Join the Crowd (MP 2) - Oh, man, is this nasty. Not only does the originator of the attack worry less about where he places the attack because you'll force a target in, it's an attack that occurs out of turn and even carries a buff for Insightful Warlords. A bit party-dependent, but a *very awesome* ability to have in those parties.

Lion's Roar (PHB) - An attack with a heal attached. While plain as vanilla ice cream, there is no such thing as too much healing.

Martial Excitation (D 384) - You get Skirmishing Presence Lite, after a rather lackluster attack. The shifting benefit is good compensation, but not enough to make up for the kind of lame initial swing. Most of the time this doesn't measure up, but if you need mobility...

Phalanx Assault (MP) - Clustering is usually not worth the buff this carries. Skip. Maybe worthy with Sigil Carver this could *improve*, but even then I can't suggest it.

Provoke
Overextension (MP) - Basically Brash Assault's bigger, meaner brother. It buffs you against the enemy's attack (which is forced to happen) and buffs your ally's reprisal attack. The Bravura rider is necessary to make this tradeoff worth it. But I don't really like Brash Assault, and I feel like except under abnormal circumstances (your defender is a Knight, for example), this isn't going to be better than Hammer and Anvil. Now, if you play under ridiculous circumstances of your DM throwing out constant status effects frequently messing with mark punishment, then this certainly *jumps up in rating. *

Sacrificial Lure (MP) - It slaps on an AC penalty, but deals good damage and has a nice attack buff attached. Solid enough.

Stirring Force (MP) - Mass saves are rather hard to come by at this point, so this has something unique going for it. The range bites, but if you need this, it's here.

Sudden Motivation (MP 2) - An extra move action for your whole party can help wreak all sorts of tactical havoc. Something to consider. Clutch if you support builds that need lots of minors the get started.

Sunder Armor (PHB) - I give this a neutral rating, but it can go from useless to a godsend, depending on how much the dice gods favor you the turn you use it.

Surprise Attack (PHB) - A swing from you, and one with CA for an ally. Taclords get a hefty buff for their ally's attack to seal the deal. A solid enough power for me to give it a top-tier rating.

Surround Foe (PHB) - The effect will rarely accomplish a flanking position that Wolf Pack Tactics wouldn't have gotten you, and it doesn't do anything else. Very marginal.

Threatening Presence (D 381) - A decent power that shines when dealing with pesky enemy Soldiers. Decent enough.

Together We Survive (MP 2) - A small amount of THP for hitting the target for a turn. Very underwhelming.

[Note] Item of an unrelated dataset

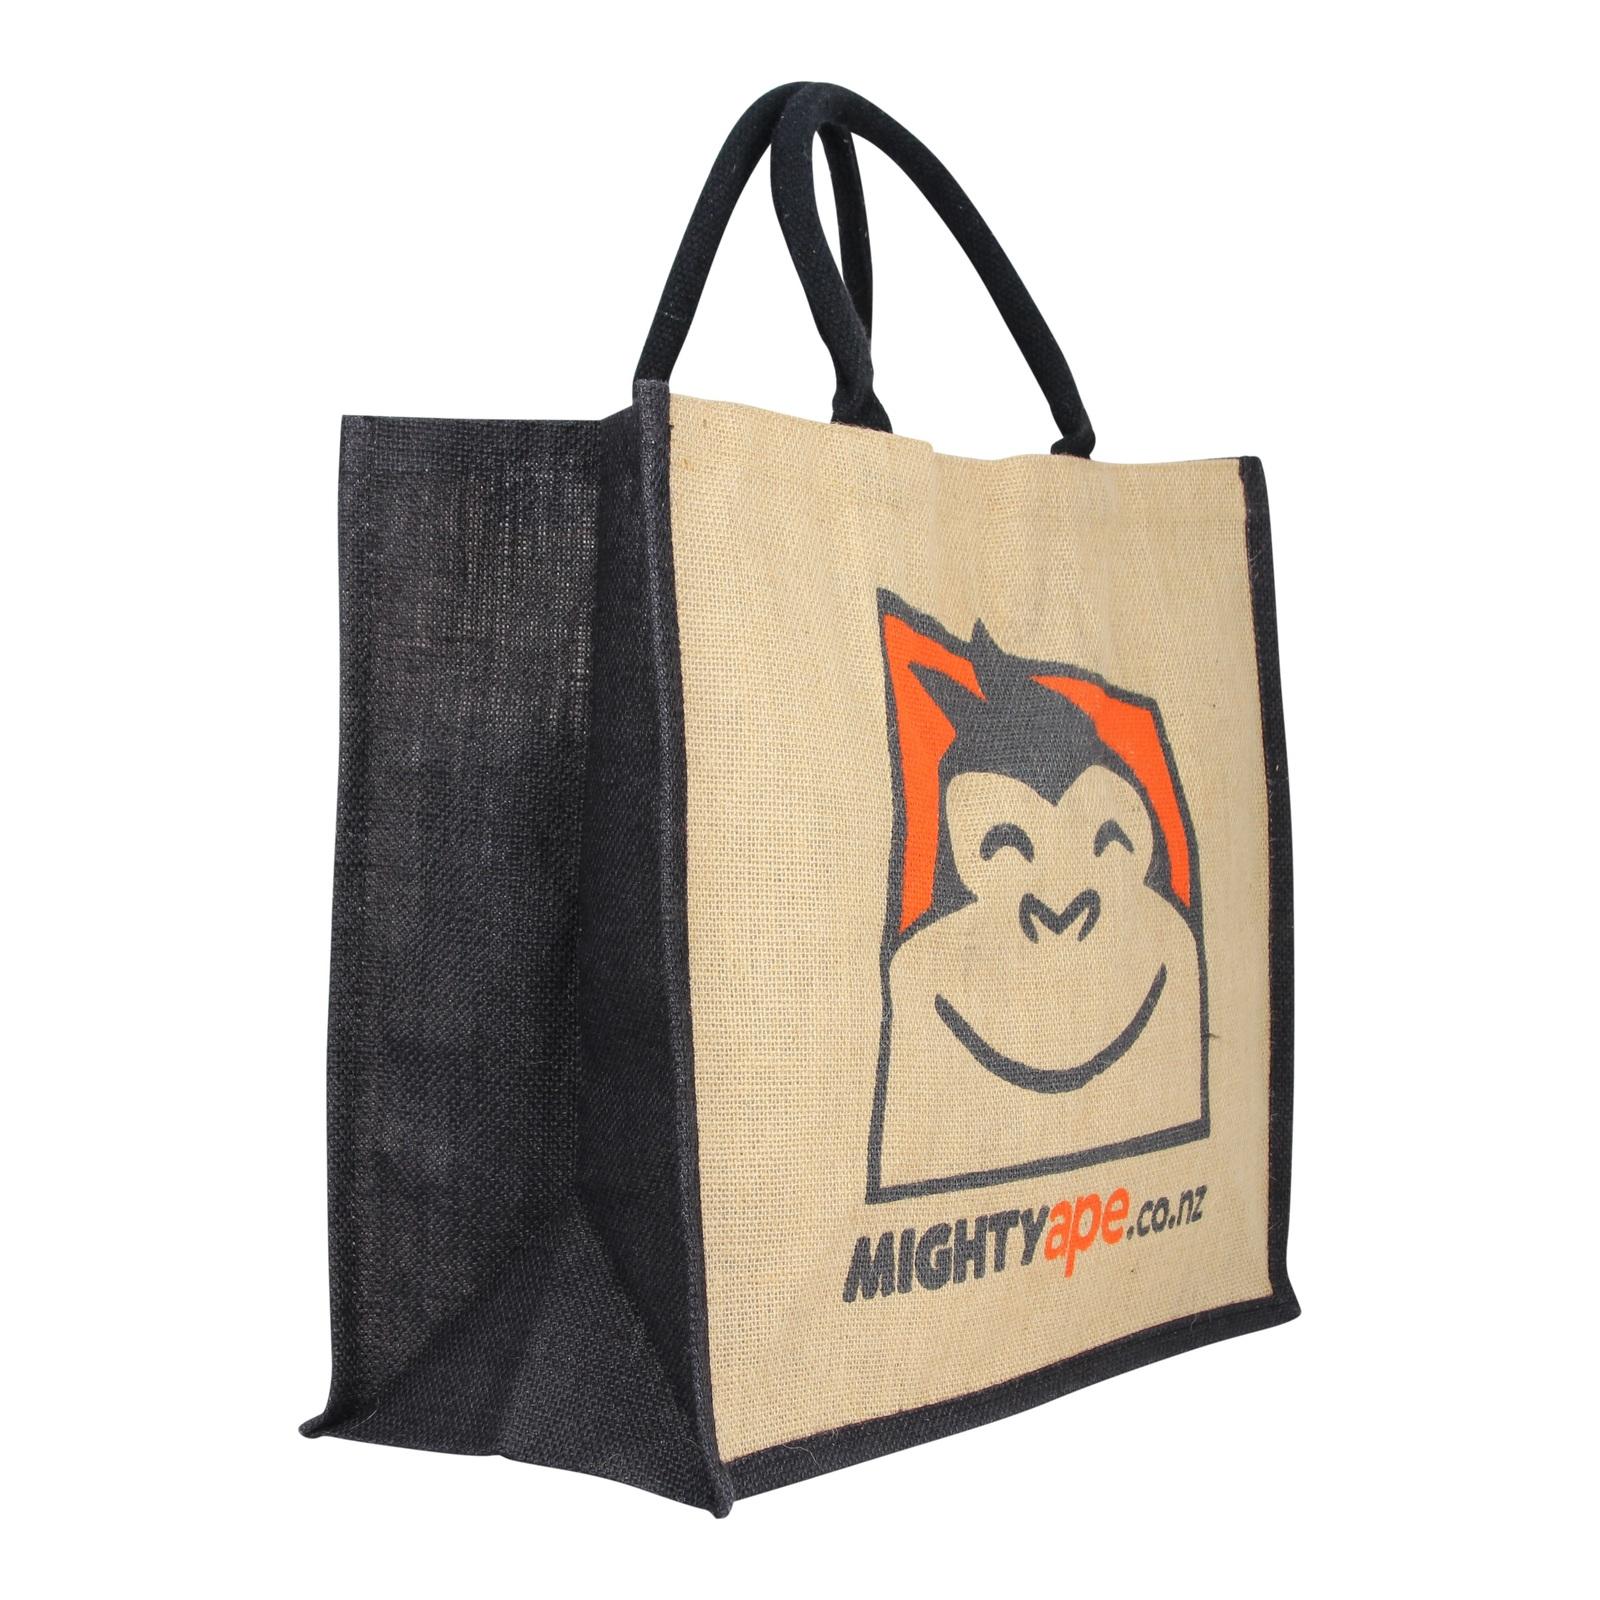 Mighty Ape Reusable Eco Shopping Tote Bag image

War of Attrition (MP) - A hefty damage bonus to At-Wills and basic attacks (which can affect any attack you grant if it's done outside your turn) for a turn, though the attack is small. After the errata, this packs nowhere near the punch it once did and should be avoided.

Wild Runner Strike (D 375) - Imposes difficult terrain on your enemy, removes it from your allies, and deals damage. A pretty solid mix of abilities.

Withering Courage (D 381) - You impose a penalty on attack rolls that is cumulative with ally attacks, and your allies get a boost out of it as well if you're Bravura or Inspiring. A neat power, and very cool if you're building a Warlord with a good array of control elements.

*Melee or Ranged:*

General's Gift (MP 2) - A decent ability that lets your ally heal with your surges. Better for Skirmishers and Con-based Bravelords, simply because they're more likely to have the surges to spare. But come on, you're usually getting the living daylights kicked out of you anyways.

On My Mark (MP 2) - An attack from you (Melee or Ranged), which grants your ally an attack (with a bonus if you hit). Skirmishers also get a nice shift to put the ally in position. A very nice and easy-to-use power. The best Ranged power of the level.

Tactician's Favor (D 384) - You get a collection of decent buffs after a generic attack. Decent enough.

*No Attack:*

Friendly Fire (D 384) - Given the strength of Encounter powers at this level, something as hit-or-miss as an enemy attacking another enemy when it misses a member of your party is gonna have a ceiling below that of some others on this list.
[/sblock]

*Level 9, Daily*

This is actually a pretty bare-bones level for Warlords: you're probably looking to get *Warlord's Recovery*, though Melee has additional options in Ready the Charge or Iron Dragon Charge. Either way, this is probably the first of your Warlord Dailies to get retrained out.

* Level 9 Daily List*
[sblock]

*Melee:*

*Blood Designation (MP)* - A decent hit, and an ongoing + CA combo package. Rather lackluster, since the targets you really want to hit with this will be the first ones out of it.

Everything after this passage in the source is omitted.